Peoria Liberty senior safety Shane Pitts said a good junior season led to some Division I college coaches to contact him, telling them they were excited to come down to Arizona to see him in person.
Then, COVID hit in the spring and recruiting got derailed.
He still had a strong senior season, helping the Lions reach the Open Division semifinals, and nearly pulling off the upset of the year against Chandler.
“After COVID hit, the Ivy League interest was still there, but my grades weren’t quit there,” Pitts said. “Most of the other D. I schools kinda fell off, even with my good senior tape.”
Open Division state champion Chandler had several seniors, including Oregon-bound defensive end Brandon Buckner and Central Florida-bound quarterback Mikey Keene, sign their national letters of intent in December.
On Wednesday, All-Arizona running back Eli Sanders will be signing with Iowa State and All-Arizona linebacker/long snapper Hank Pepper will sign with Michigan State.

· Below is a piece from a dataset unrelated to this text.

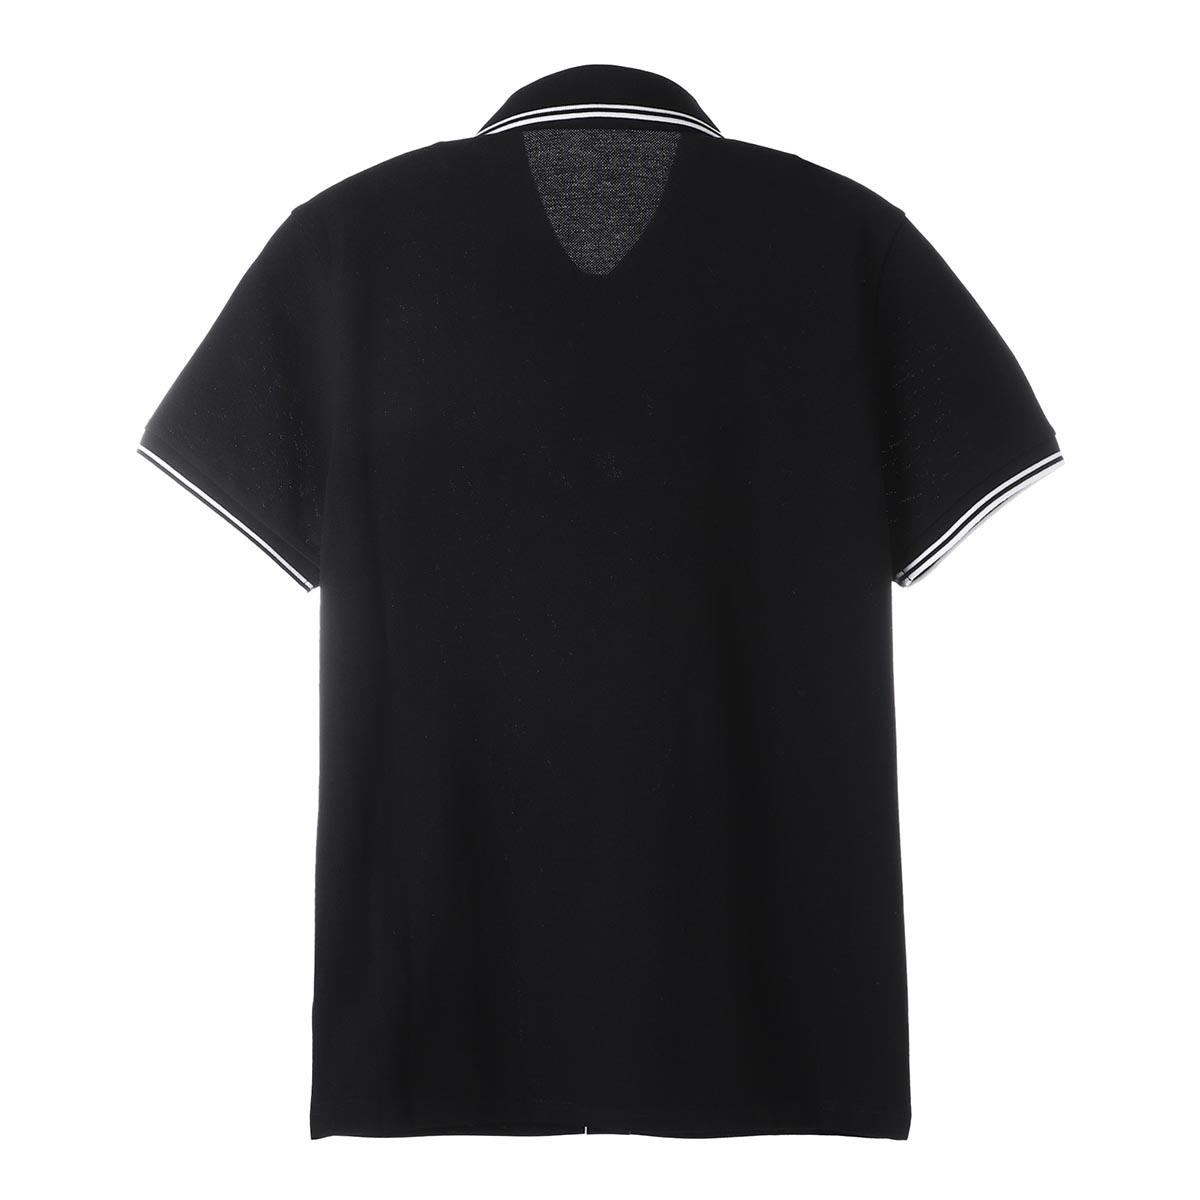 MONCLER モンクレール ポロシャツ メンズ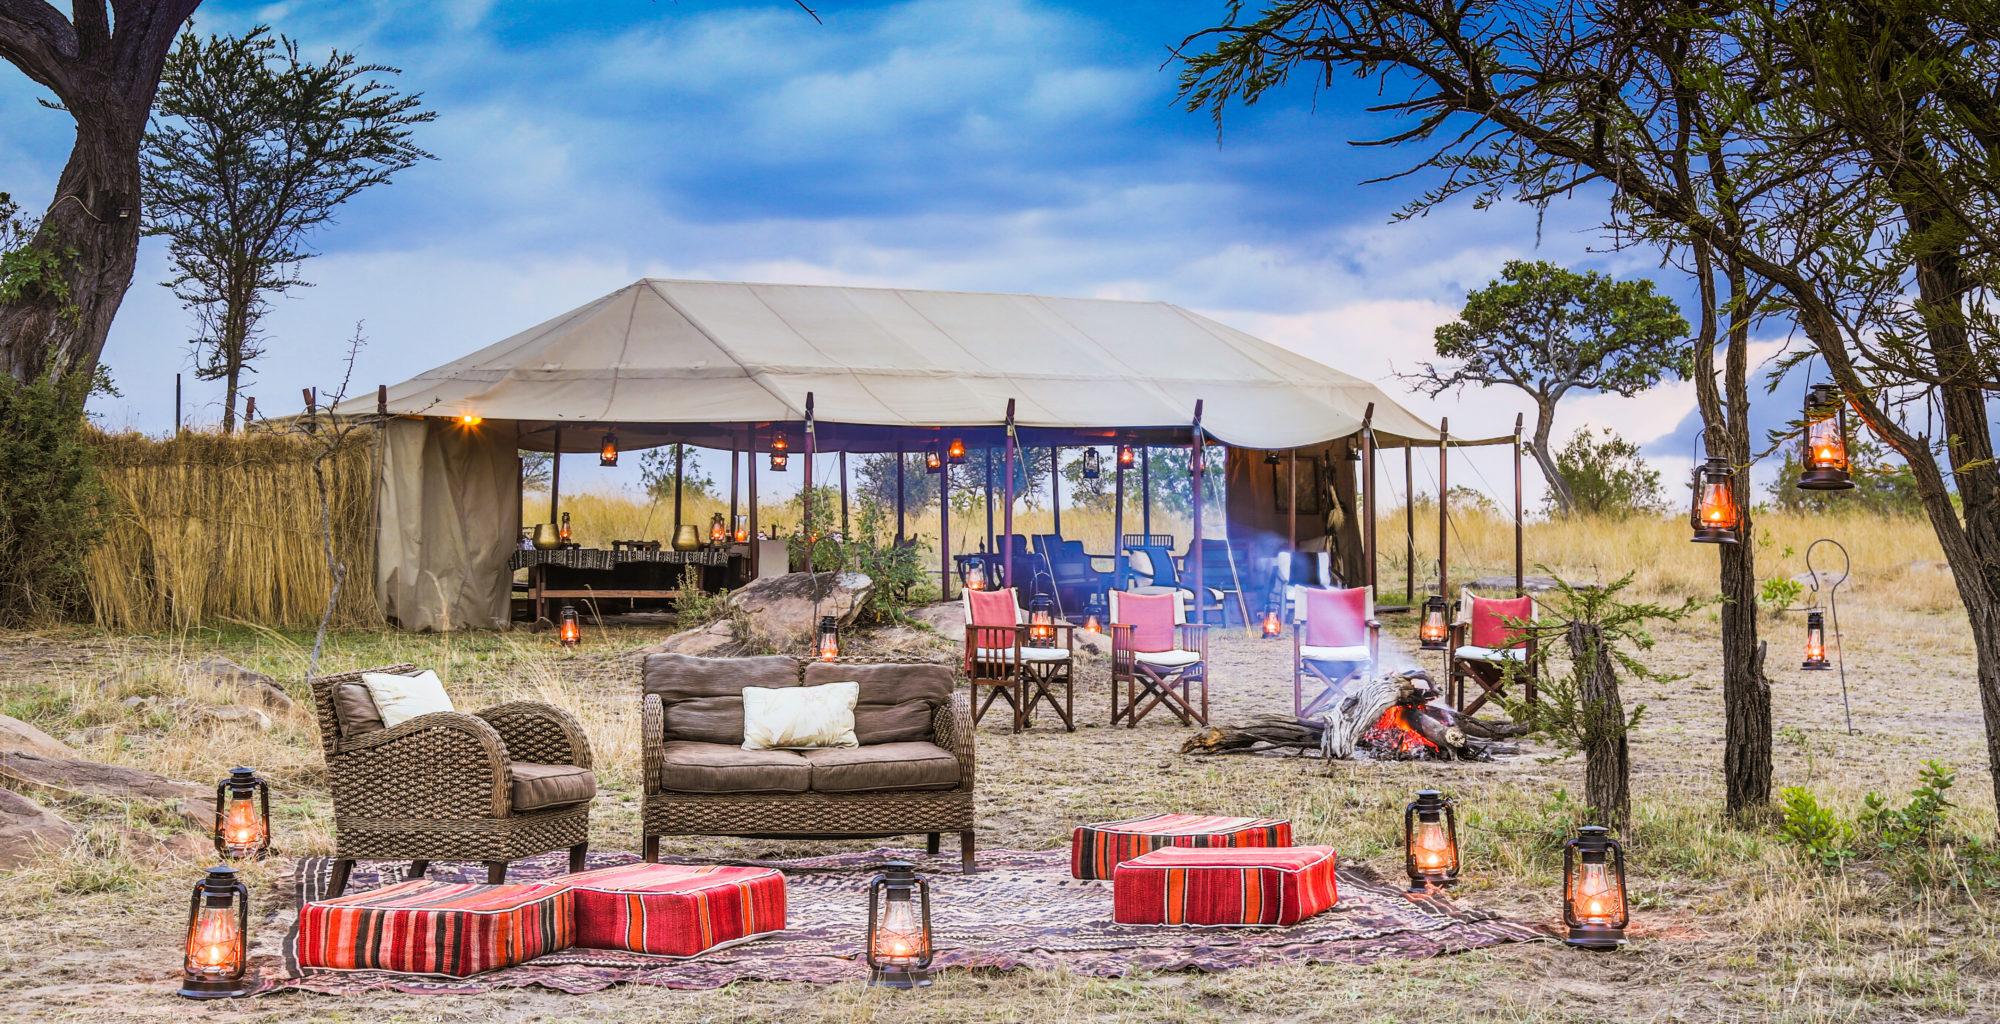 Tanzania-Legendary-Serengeti-Camp-Outdoor-Lounge

They’ll be on the Chandler auditorium stage with fellow teammates Anthony Hanger (Augustana), Aliiakai Ormita (Rocky Mountain), Jeremiah Tyler (Western New Mexico), Nick Nesbitt (Columbia), Daniel Fulton (Rhodes College) and Cess Ibarra (Rocky Mountain).
“There is no question the pandemic had an affect on the class of 2021,” Chandler coach Rick Garretson said. “We’ve had some kids that were turned away due to the do-over year. We have some kids that I feel lost out on some opportunities because college recruiters could not visit and get eyes on players.
“We’re all hoping that things can resume as they were in the pre-pandemic era with college football recruiting.”